Закончив свой рассказ, я думал, что последует?

У г-на Дювивье был сосредоточенный вид, и он о чем-то задумался. Сорвиголова, безучастный к тому, что его ожидало, дремал в кресле, в то время как Мяч нервно ерзал на стуле. После долгой паузы г-н Дювивье, казалось, наконец вспомнил о нашем присутствии.

— Мои друзья, вы совершили ошибку, что раньше меня не предупредили, — сказал он, не повышая голоса. — Но что сделано, то сделано.

— Мишель Перийе совершил дурные поступки по доброму побуждению. Он достоин прощения при условии…

— Хорошо, мы об этом после поговорим! Мишель Перийе, где ты спрятал кобальт?

Я втайне вздохнул с облегчением. Я боялся грозы и даже кары. Но директор отнесся к происшедшему доброжелательно. Значит правильно, что я обратился именно к нему. Вопрос был поставлен Сорвиголове, чтобы вывести его из сонного состояния. Но и раскрыв глаза, Мишель так и не понял, что директору от него нужно.

— Соберись с силами, мой мальчик, — продолжал директор. — Успокойся! Радиоактивный кобальт может быть опасен для общества. Его необходимо изолировать как можно скорее. Что ты с ним сделал?

Погрузившись в кресло, Сорвиголова пошевелил губами.

— Громче, — сказал директор.

— Я закопал его в нашем погребе, — прошептал Сорвиголова.

— Как было — в свинцовом ящике?

— Да…

— Прекрасно, — сказал директор. — Это все, что я хотел узнать. А теперь, перестань себя терзать. Все устроится лучшим образом. Увидишь!

Добрая улыбка озарила лицо директора. Он снял телефонную трубку, коротко поговорил с заведующим хозяйственной частью лицея и, дав указания, попросил Мяча проводить Сорвиголову в спальню интерната.

— Ну, теперь — теплый душ, обильный завтрак и постель со свежим бельем. Все придет в порядок, мой мальчик…

Сорвиголова не реагировал, он спал.

Я остался наедине с г-ном Дювивье. Как бы не замечая меня, он снова набрал номер. Я понял, что он говорит с врачом-другом.
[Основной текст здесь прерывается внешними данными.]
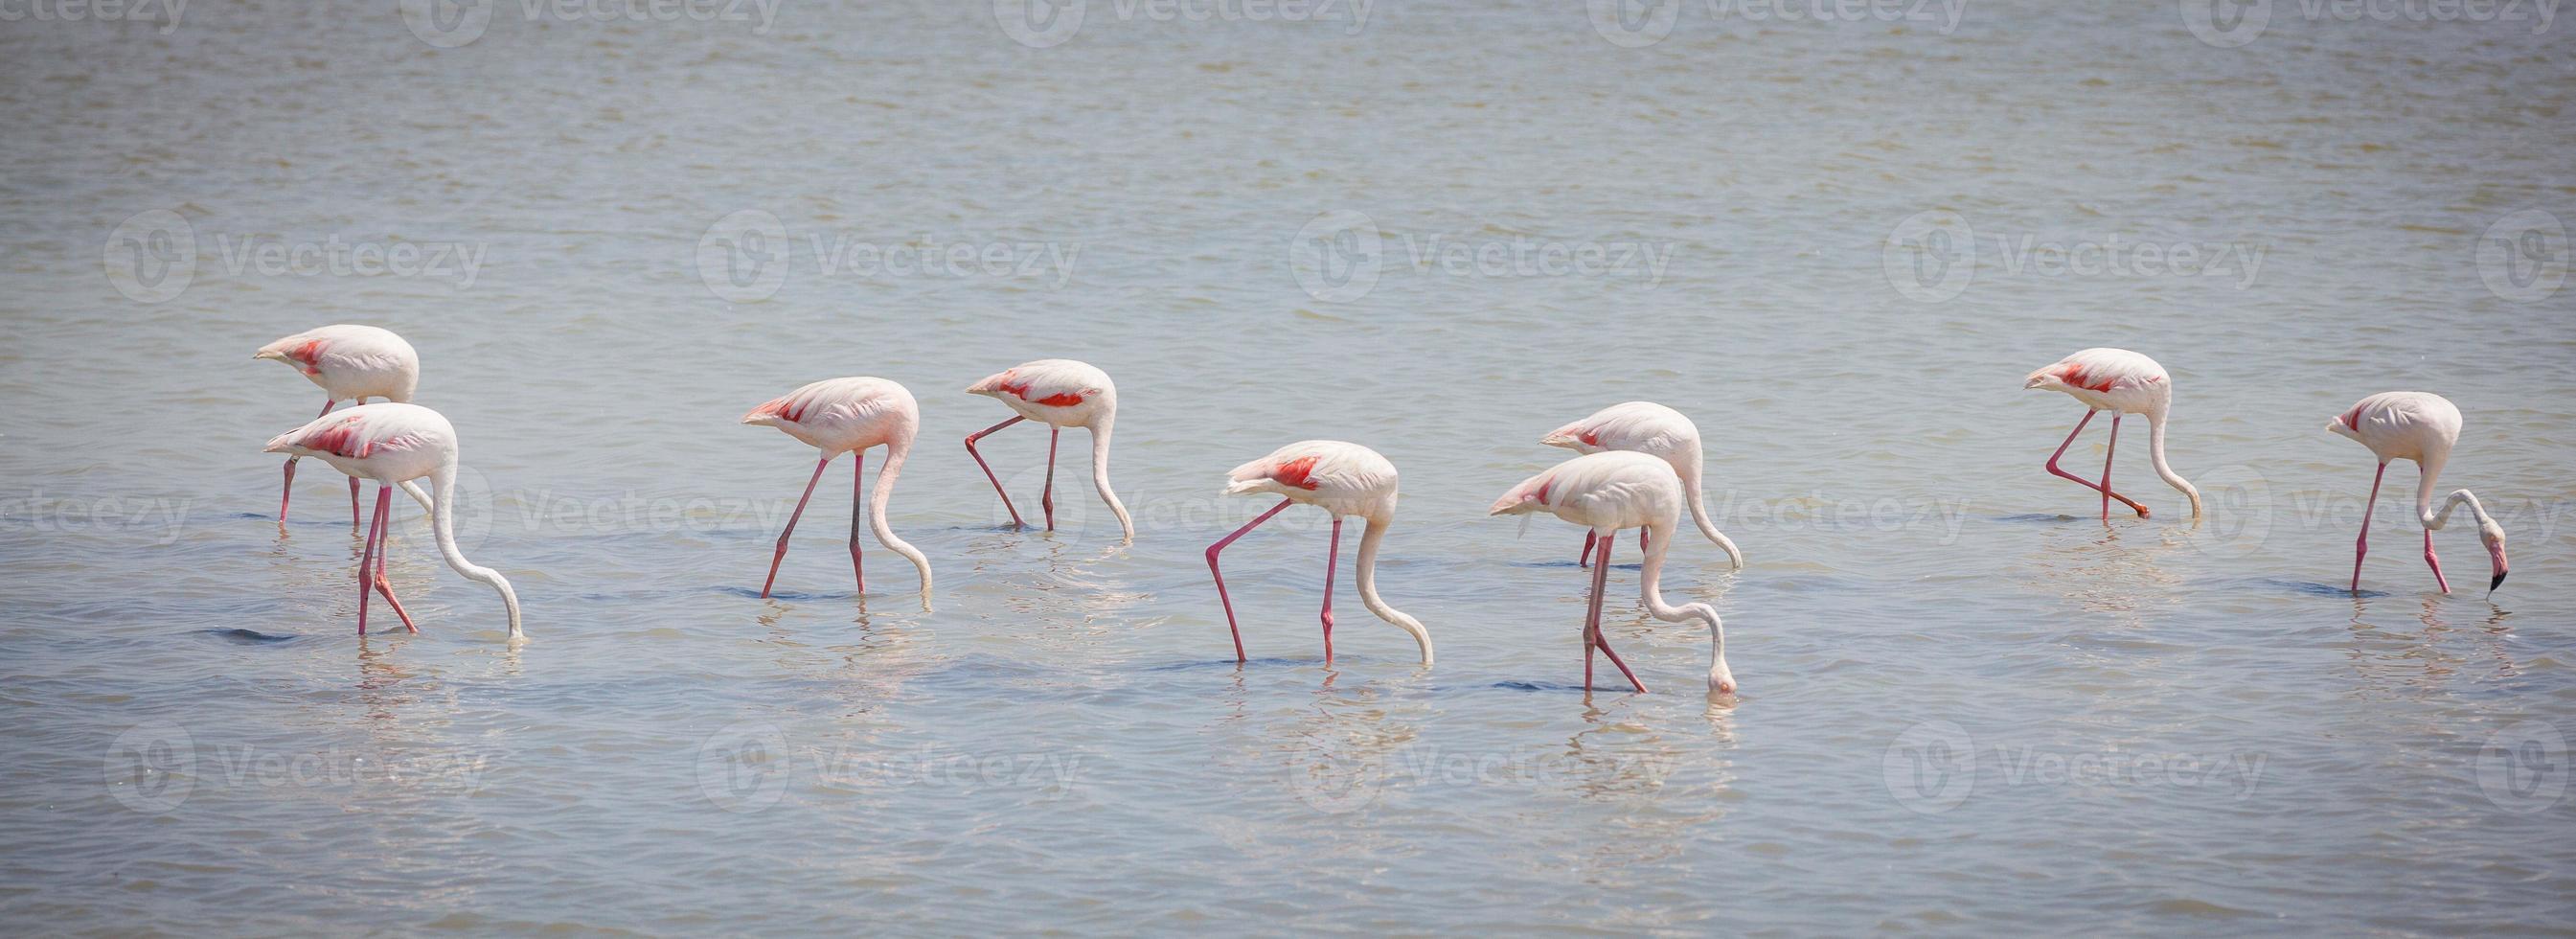 Flamingos Camargue Provence photo

Речь шла о г-же Перийе, о том, чтобы ее перевезли из Труа в Париж, в клинику Вильжуиф, и — об этой странной кобальтовой пушке, которая меня заинтересовала в разговоре с Сорвиголовой… Кончив, г-н Дювивье повернулся ко мне.
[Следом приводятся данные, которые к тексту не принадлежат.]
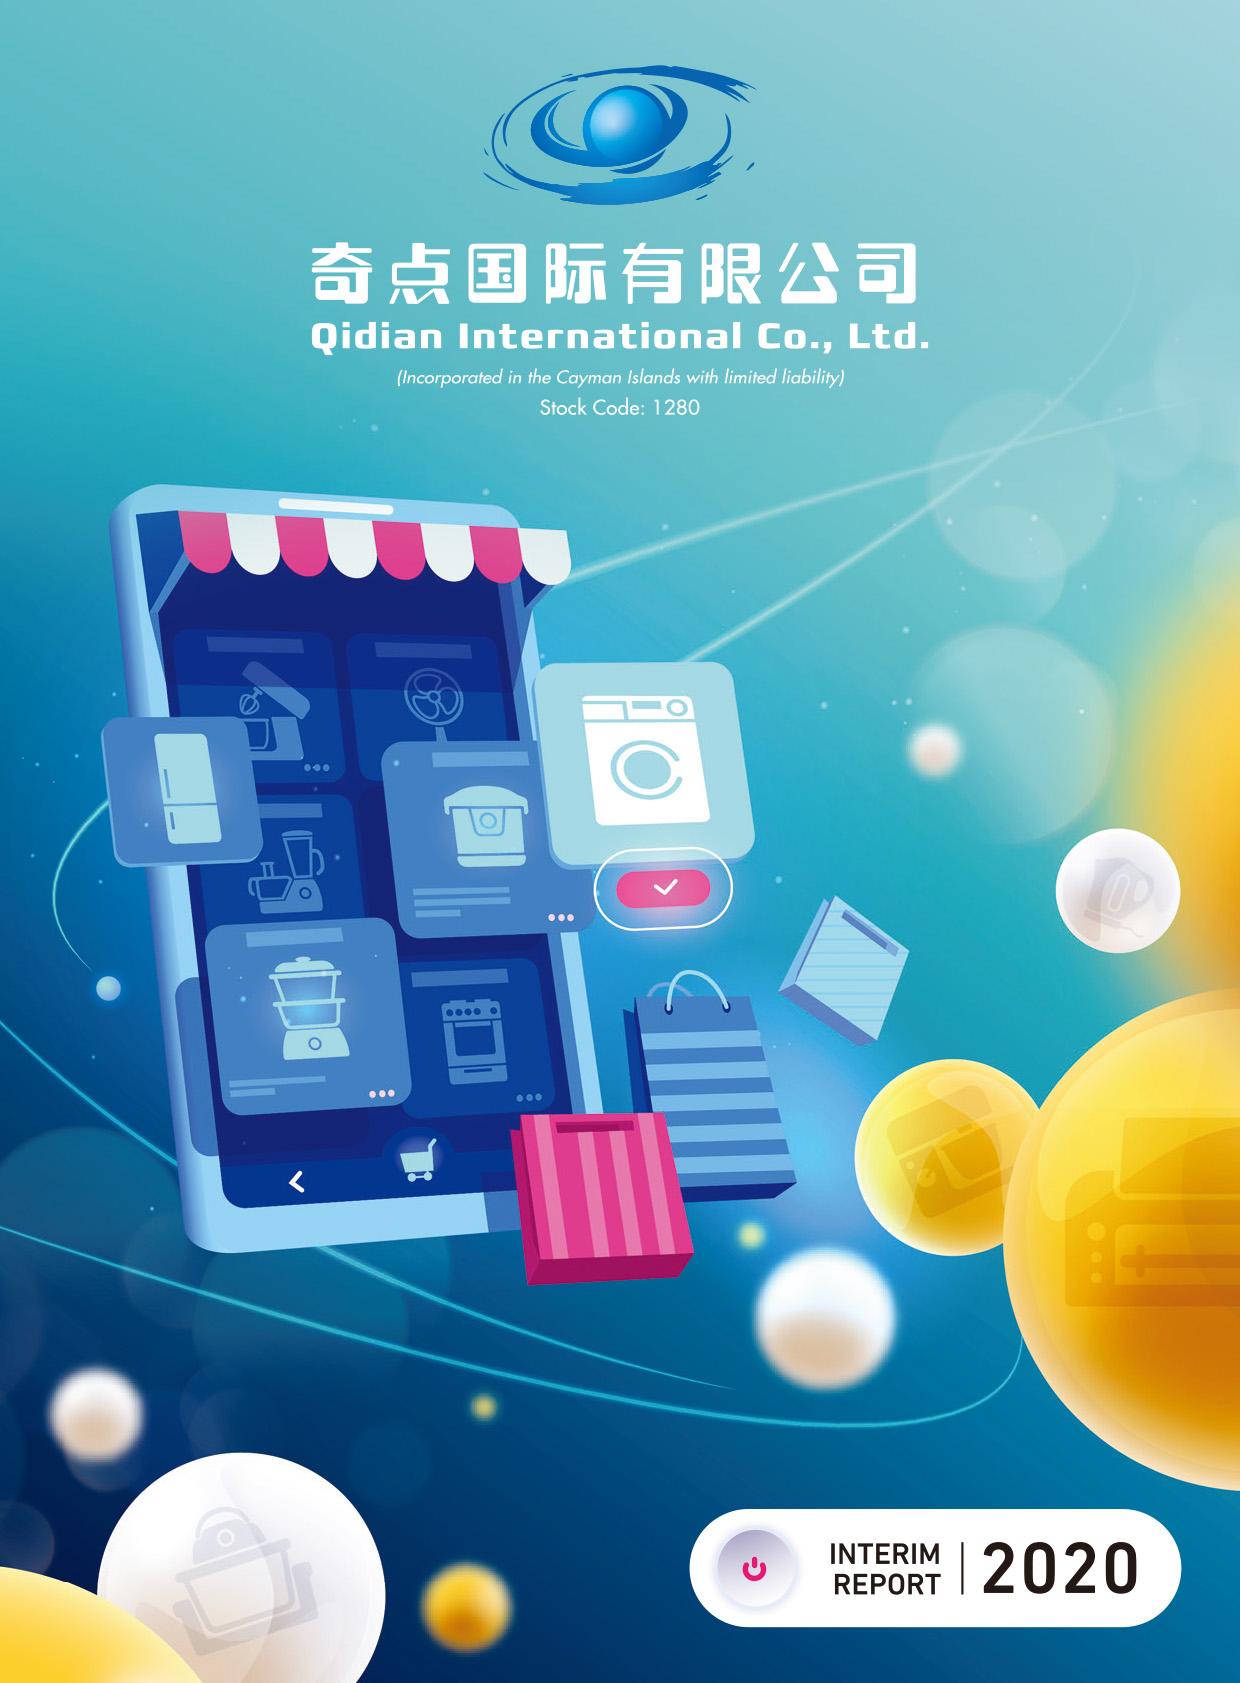 Qidian International Co., Ltd.

— Матье Галле, — начал он с несколько суровым видом. — Теперь время, чтобы ты раскрыл секрет — твой и твоих товарищей… Счетчик Гейгера находится по-прежнему у тебя?

— Да, г-н директор!

— Ты знаешь адрес Мишеля Перийе?

— Да, г-н директор.

— Очень хорошо. Теперь иди к товарищам. После урока отправляйся вместе с г-ном Лапрадом, твоим учителем физики, сначала домой за счетчиком Гейгера, после — к Мишелю Перийе, где вы выроете ящик с радиоактивным кобальтом. Но ты будешь беспрекословно слушаться г-на Лапрада? Обещаешь?

— Да! Обещаю!

— Хорошо. Какой сейчас у вас урок? Английский? Тогда беги — ты только немного опоздаешь.

Как только я затворил дверь, раздался телефонный звонок. Я дошел до конца коридора и намеревался спуститься по лестнице, как услышал голос Дювивье, обращенный ко мне.

Я. бегом вернулся.

— Еще минутку, — сказал директор.

Я был немного удивлен и взволнован, но добрые глаза г-на Дювивье меня успокоили.
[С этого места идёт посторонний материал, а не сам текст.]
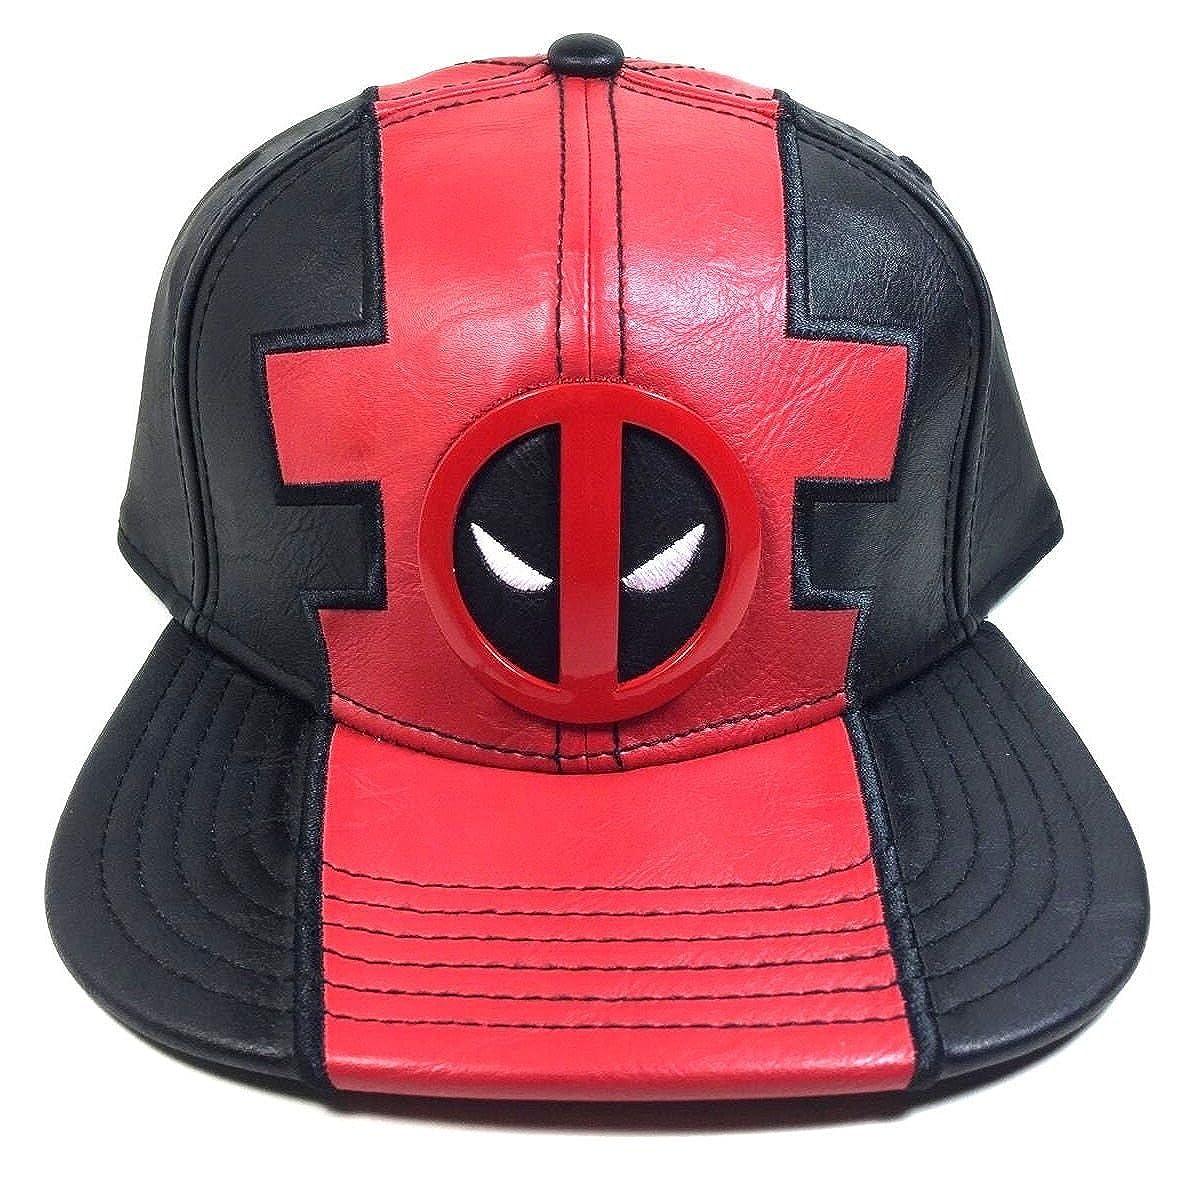 save off 89c41 cce62 Amazon.com  Marvel Comics Deadpool Suit Up Pu Faux Leather Snapback   Clothing

— Только что мне звонил мой друг доктор Берлиоз. Он справлялся в Институте рака в Вильжуифе. Вот уже три дня, как г-жа Перийе находится там. Сейчас приступили к лечению, и есть благоприятный прогноз о возможности выздоровления.

— Теперь беги в спальный корпус. Если Мишель уснул, не буди! Но если душ и пища его вернули к жизни, сообщи ему добрую и приятную новость.

Я пробормотал благодарность. Мне стало так легко на душе! Я был счастлив потому, что мог сообщить Сорвиголове о судьбе его матери. Меня ветром вынесло из кабинета директора. Через три ступеньки я взбежал по лестнице, промчался, как беговая лошадь, через внутренний двор и вторгся в спальный корпус старшеклассников.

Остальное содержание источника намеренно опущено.